The all-region DVD is the same concert as Jazz 1 Sverige ‘72, but here viewers can see Sevda’s interaction. The color set-up is well presented and the clarity of the older, pre-digital film is engaging: there is some video streaking where studio lights glare off the brass instruments but it does not detract from the presentation. The three-camera arrangement provides motile and mobile images. The cameras pan, zoom in to tight close-ups on all instruments, and long shots display the band and the sparse television studio audience. The Dolby 2.0 sound is clear and crisp. Hippie-era clothing and haircuts timestamp the proceedings, but the only negative visual is a very young rather spastic dancing girl who can be spotted at the edge of the stage in the wide shots: an odd complement to the show. There is also a brief, annoying audio buzz during the closing credits.

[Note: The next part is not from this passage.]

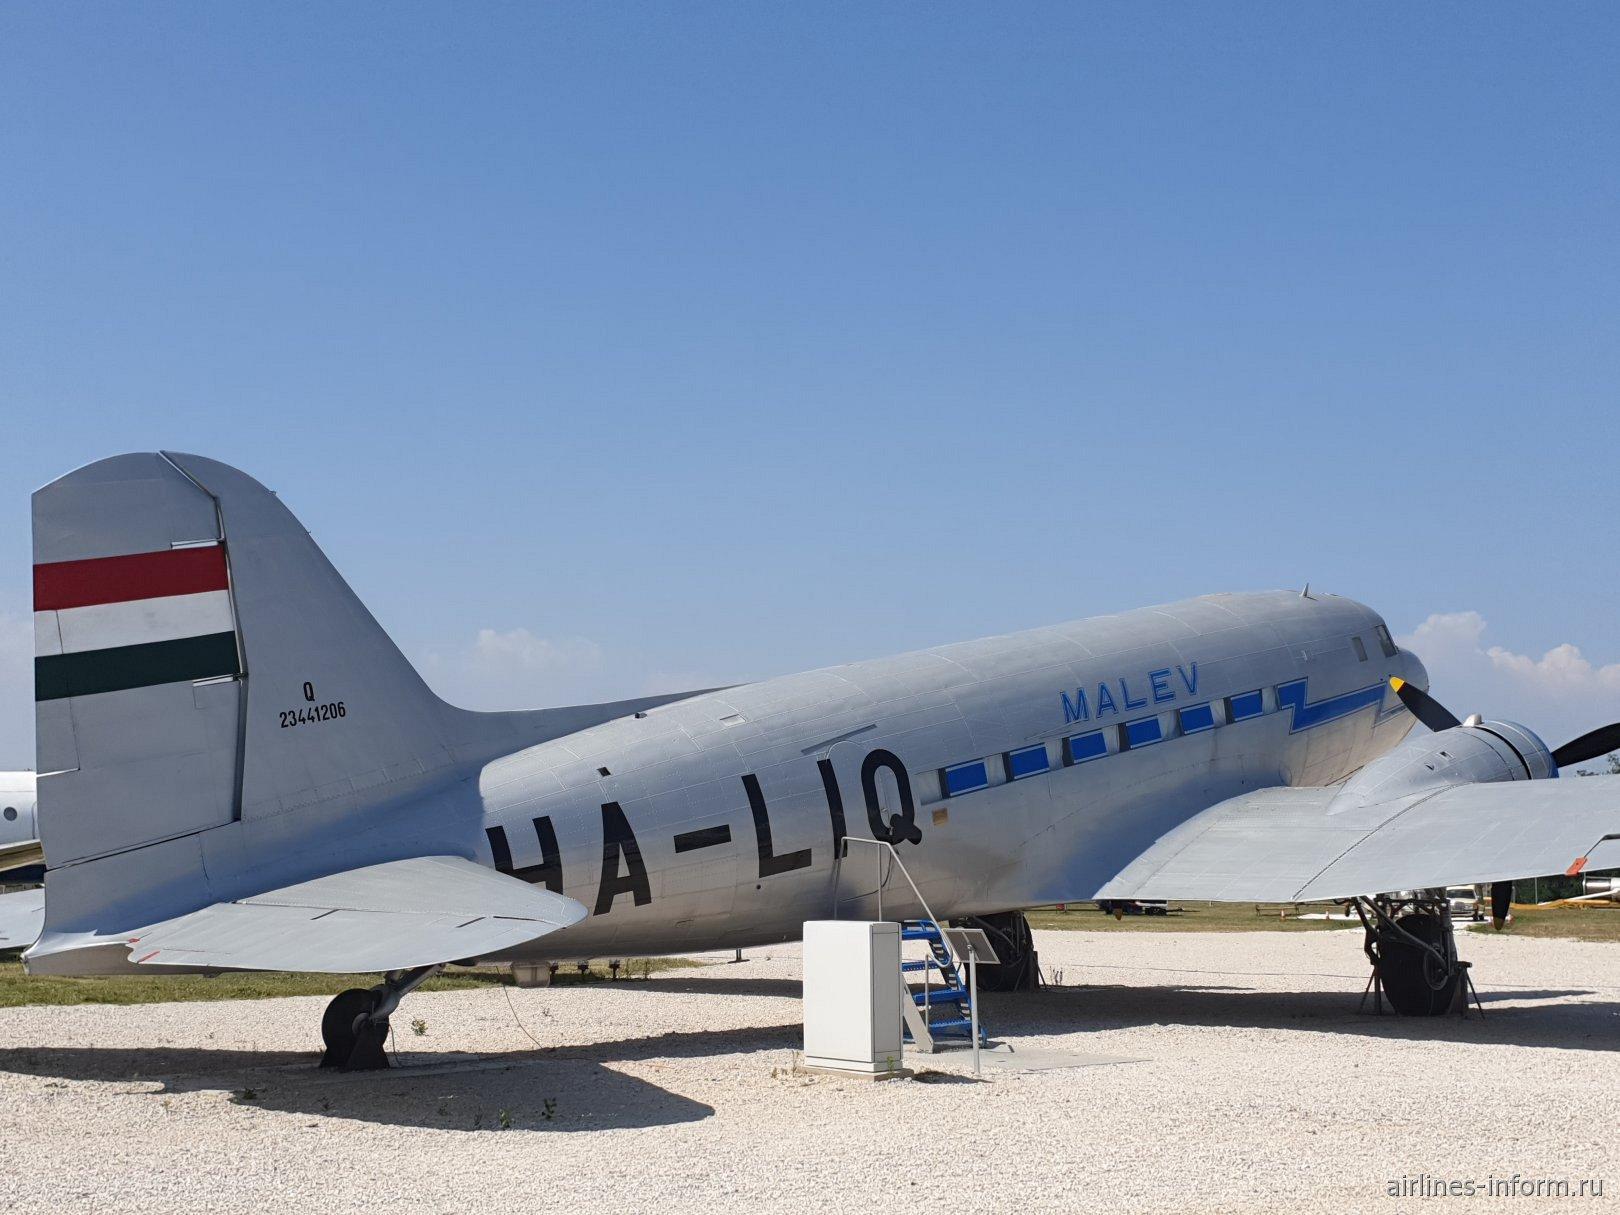 Самолет Ли-2 HA-LIQ авиакомпании Malev в авиационном музее в аэропорту Будапешта

Although the Sevda boxed set was released late last year, the collection probably fell well under the radar of most jazz fans, so this is a good time to reappraise or discover Sevda’s contributions to jazz and to what Don Cherry dubbed world music (in which he meant jazz which tapped musical resources outside of the jazz norm). The group’s history and chronology are finely detailed in a 16-page booklet with liner notes, photographs and complete credits, as well as related text which accompany both CDs. For those interested, the Sevda musicians are still active. Falay split up Sevda but is still a part of Sweden’s ever-growing jazz scene and is a hero in Turkey. Okay Temiz sustains his wide-ranging musical horizons and is a prominent world music player who has worked in several idioms. Gunnar Bergsten is one of the top Scandinavian baritone saxophonists and is a respected composer, soloist and leader. Ove Gustafsson has maintained his presence in the Swedish jazz community, with credits on numerous jazz releases.

TrackList:
CD 1: Taksim; Hicaz Dolap; Tamzara; Batum; Karadeniz; Makadonya; Çifte Telli; Karşilama.
CD 2: Taksim; Misket; Ya Mustafa; Çifte Telli; Köçekce; Oyun Havasi; Çadirimin üstüne; Karşilama; Çadirimin üstüne (da capo); Naciye; Kürt Ali.